Touch: Hot showers, a subtle breeze, my lover’s kiss, the chill of ice, the drowsy warmth before I sleep, the way I run my fingertips across the back of my couch whenever I walk through the living room, and petting the dog who fits so neatly on my lap.
What will your list look like? Each sensation is an invitation to praise him anew. All these and ten thousand more: call them evolutionary adaptations if you must, I will call them gateways to his goodness.
30 Thankful Days (November 22nd)

On the same day John F. Kennedy’s assassination shocked the world, Clive Staples Lewis quietly slipped out life's back door and proceeded farther up and farther into Aslan’s country. In fact, November 22nd 2013 is the fiftieth anniversary of the deaths of three significant 20th Century men: JFK, Lewis, and Aldous Huxley (Brave New World). If there were a waiting room somewhere in the afterlife, it would have been a fascinating place that day.
Among these 30 Thankful Days I hope you will permit me an appreciation of C.S. Lewis, my first mentor in following Jesus.
I had been a high-school evangelical for three years when someone handed me a collection of Lewis’ essays, God in the Dock. They changed my life. He's more than the Narnia movie guy: if you have never read C.S. Lewis, you have missed one of God’s great gifts to the church in the last hundred years. God in the Dock was the most formative work of Lewis for me because it captured my heart and my attention. From the Dock I went on to discover the reality of the spiritual realm in The Screwtape Letters, the foolishness of valuing ideas merely because they seem new (The Abolition of Man), and yes, the delight of an extended story of other worlds where Jesus is also on the move. Forty-plus years later, Lewis is my constant companion.

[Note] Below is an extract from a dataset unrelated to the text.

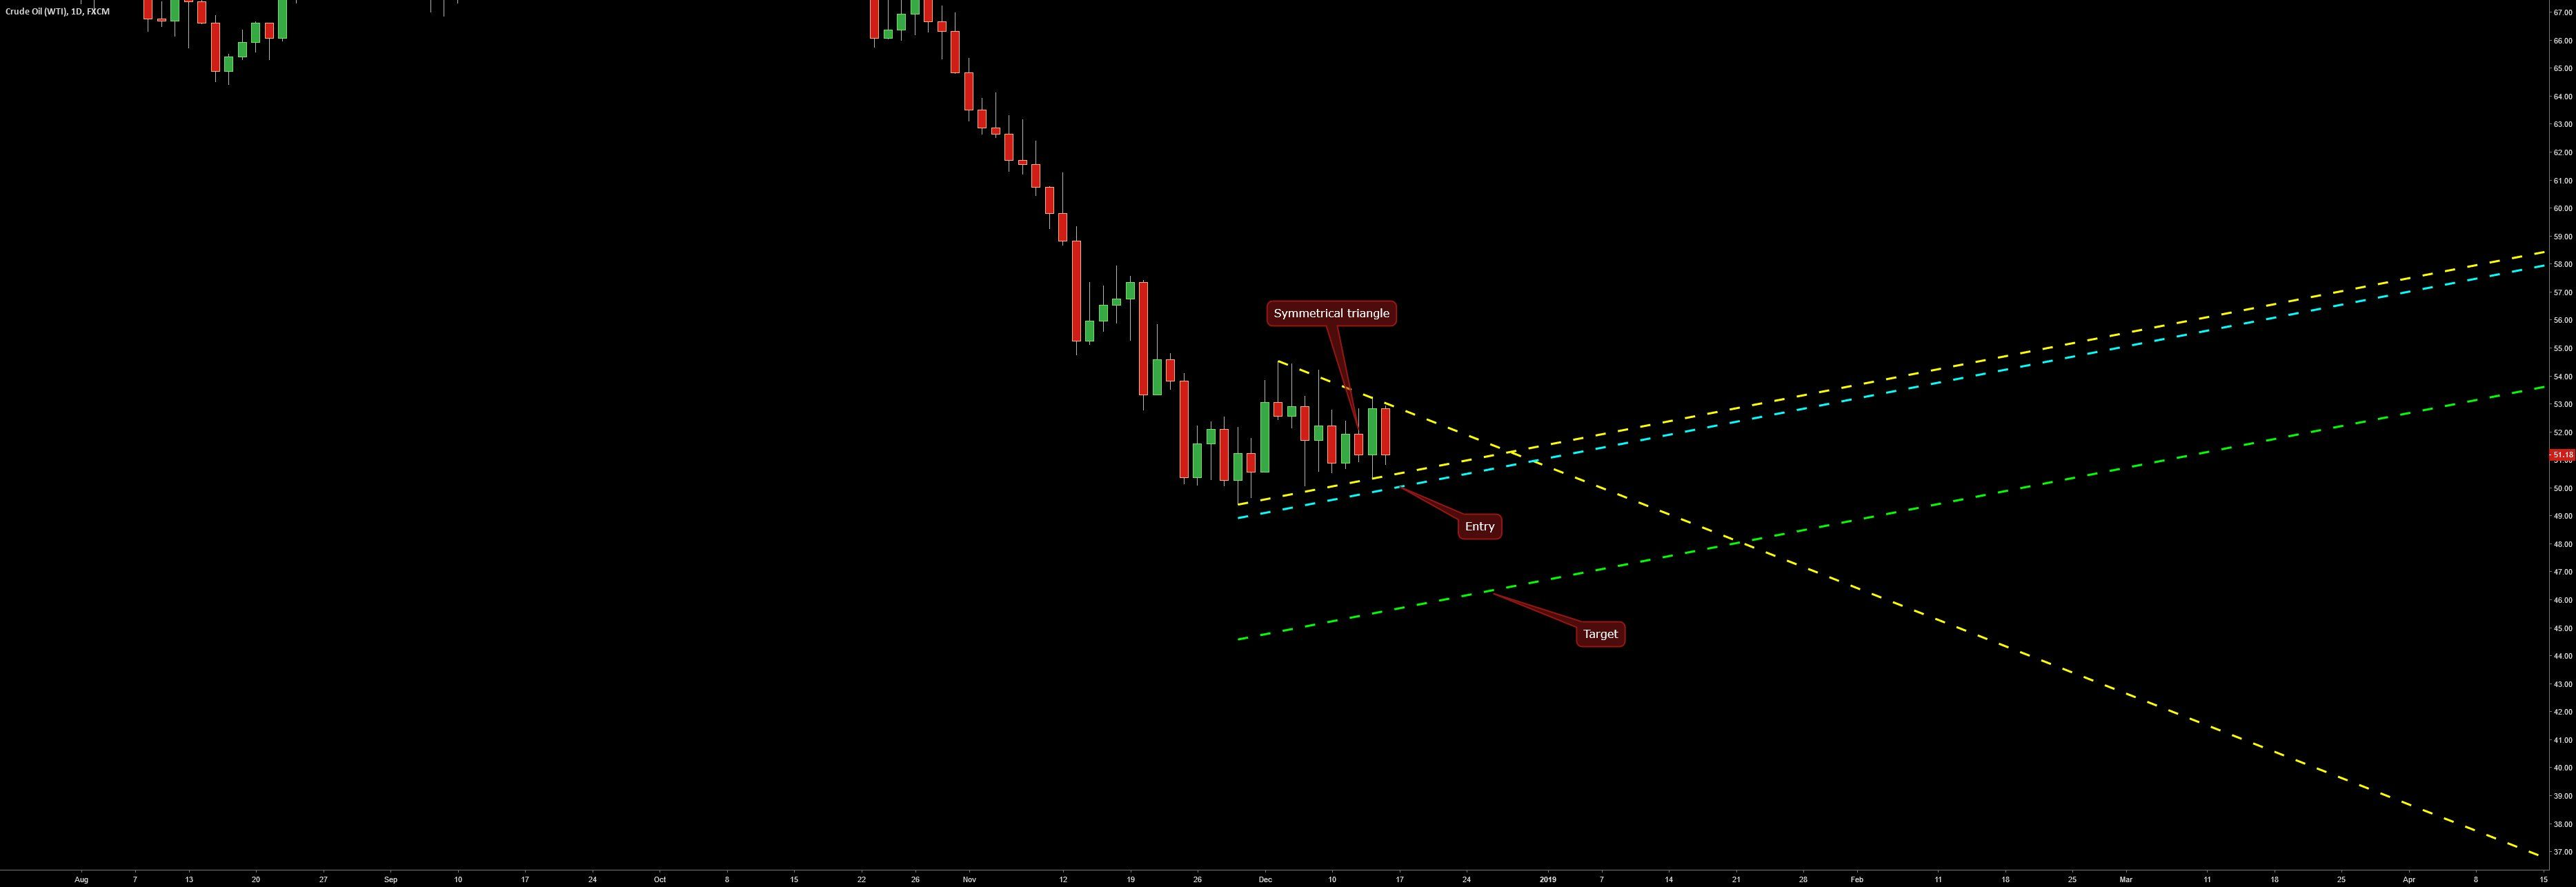 Symmetrical Triangle On Wti Oil D1 Forex

Lewis taught me both the delight and the challenge of following Jesus. He was the Father’s emissary in the process of renewing my mind, and he is still my conversational partner and brother in Christ. The facts of his life are remarkable: losing his mother at an early age, a distant but decent father, the horrors of trench warfare in World War I, an alcoholic brother, an mysterious woman who became something of a shackle in his life, and the unexpected joy of finding Christian love late in his life. And then there's the whole international-fame and selling 50-million books thing. For all of his intellect and fame, he experienced many of the same problems we all face.
The trusted voice of Lewis lingers in my memory as fresh as morning coffee, and from my perch in the Kentucky countryside I’m still on the lookout for a fawn, with an umbrella, carrying parcels.

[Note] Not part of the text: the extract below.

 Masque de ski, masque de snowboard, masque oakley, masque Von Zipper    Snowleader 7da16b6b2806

30 Thankful Days (November 21st)

There’s a unique genius required to celebrate a peanut butter and jelly sandwich. It is a marvel of the modern world; we should stand in amazement. The bounty of the nation lies before you at a cost of 28 cents. Georgia peanuts. California grapes. Kansas-wheat-turned-flour. To assemble a PB&J from scratch and you would have to drive 5,000 miles.
Pity the fool who cannot see the goodness of God between two slices of bread.

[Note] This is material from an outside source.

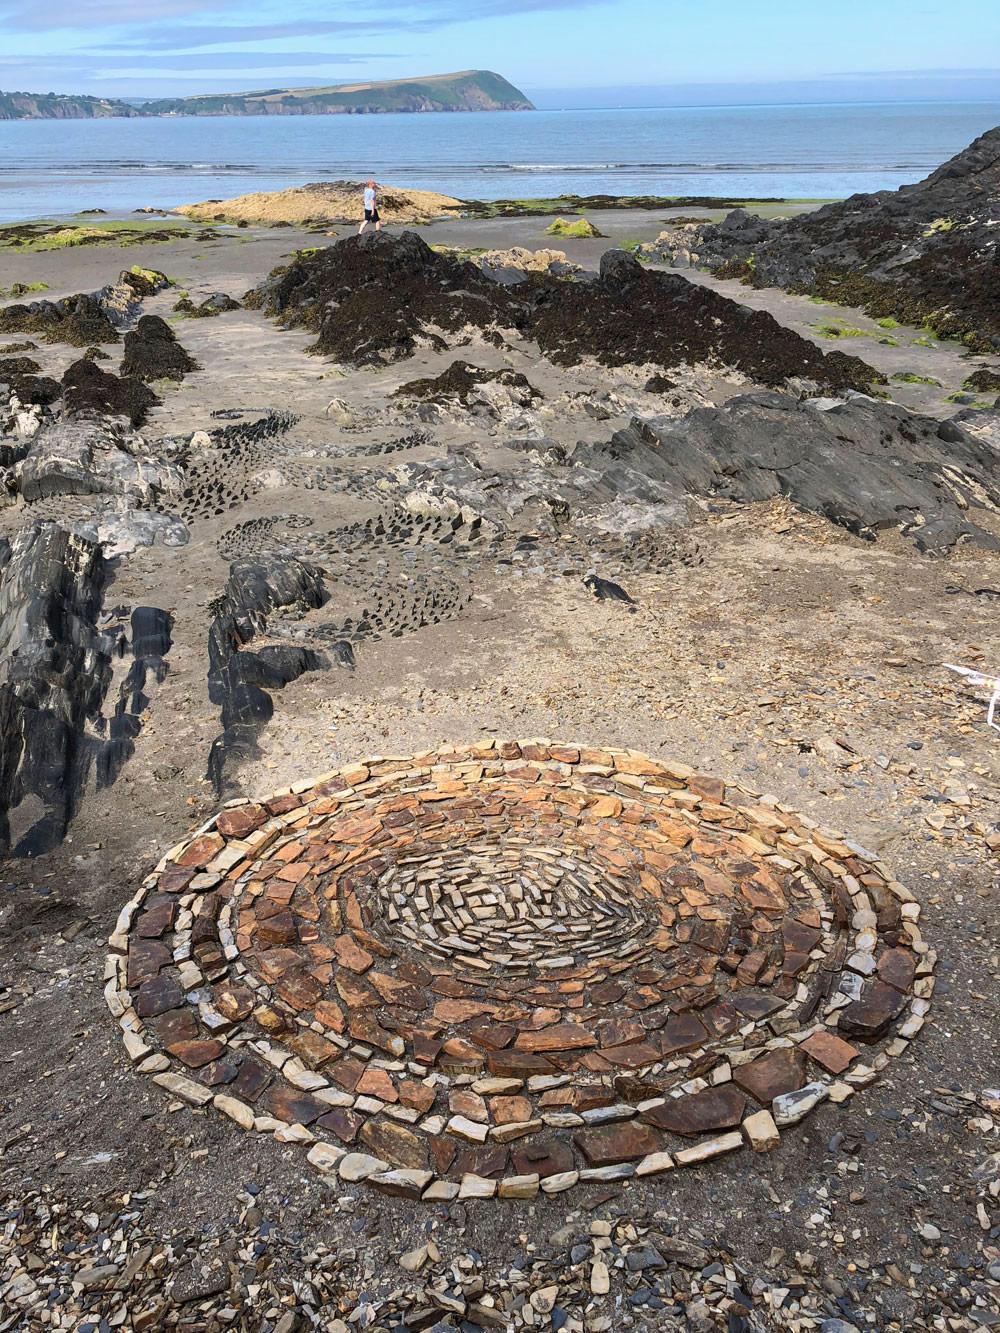 Stone Circle Drawing Newport Sands, Pembrokeshire, July 2018

There’s an old joke in religious circles where a guy goes to the grocery store and buys a week’s worth of food. He brings it home and says grace over it all before putting it in the pantry. That way he doesn’t have to waste time thanking God before every meal. He is closer to the kingdom than you might expect. Why not thank God for the food as you wheel the grocery cart to your car? Or, as you unload the bounty of a dozen plastic bags why not praise him for each trip back-and-forth between the car and your kitchen? Our grocery list is a modern hymnal, but we grouse over finding room in the frig. In the words of Louis CK, “Everything’s amazing, nobody’s happy.”
The great philosophers tell us we must examine our life. Very well—why not start with the wonder of humble groceries? If the unexamined life is not worth living, the unthankful life misses the point. G.K. Chesterton reminds us to start simply: “Poets have been mysteriously silent on the subject of cheese.” Because readers of Students of Jesus are an advanced group, we can start with three ingredients at once. Peanut butter. Jelly. Bread.